Yes, I know all of those things (save for the downfall of human civilization bit thought I’ve tried out puns that have come close to achieving that effect) and I would indeed like the opportunity to undo them. I’m just not entirely sure why Mr. Robot, the show, wants to.

Deep within the creation myth of Mr. Robot is the story that Sam Esmail originally envisioned the series as a movie. The more time goes on and the more episodes of this show we see, I find that increasingly insane. Certainly, the show wasn’t a 1:1 adaptation of this hypothetical movie and plenty must have changed in the process. Still, even when squinting it’s hard to imagine the path that this show has taken ever having fit into any 2-3 hour story.

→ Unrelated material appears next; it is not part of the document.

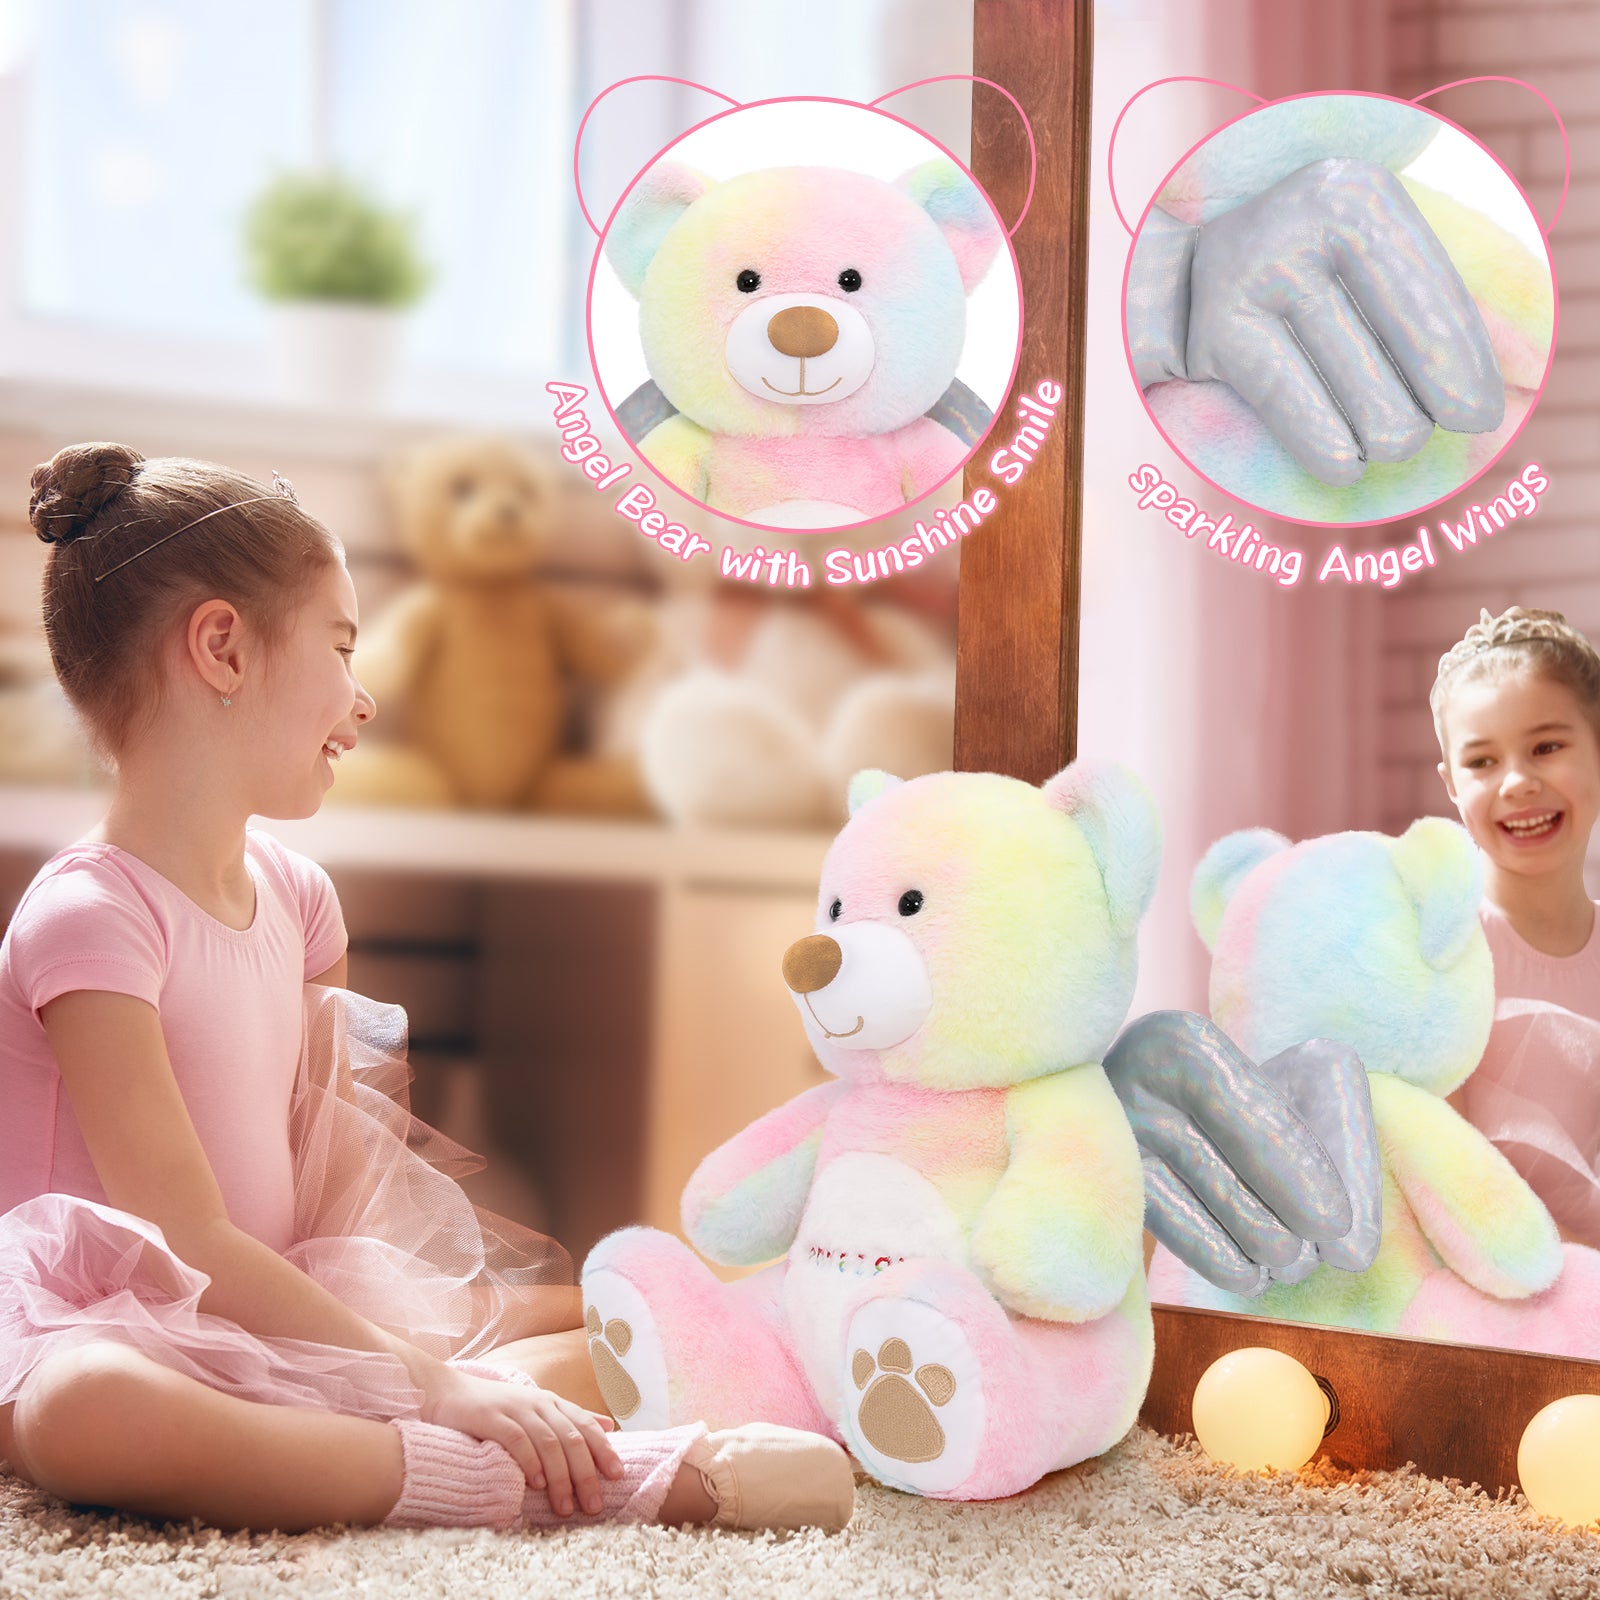 Angel Teddy Bear with Wings, 15.4 Inches

Not that that’s necessarily a problem. Television is a fantastic medium for storytelling and Esmail and his relatively tiny team of creators have done an excellent job in, well…telling stories. It’s just that now, only 25-ish episodes into the series, there are clear signs of retooling and changing things on the fly. Hell, they’re not even just signs. They’re explicit. The name of the episode is “Undo” (well, technically “eps3.1_undo.gzh” but you get the idea) and so much of the episode does exactly that. It just “unmakes” stuff from previous seasons and removes them altogether in the way a network show would many seasons into its run.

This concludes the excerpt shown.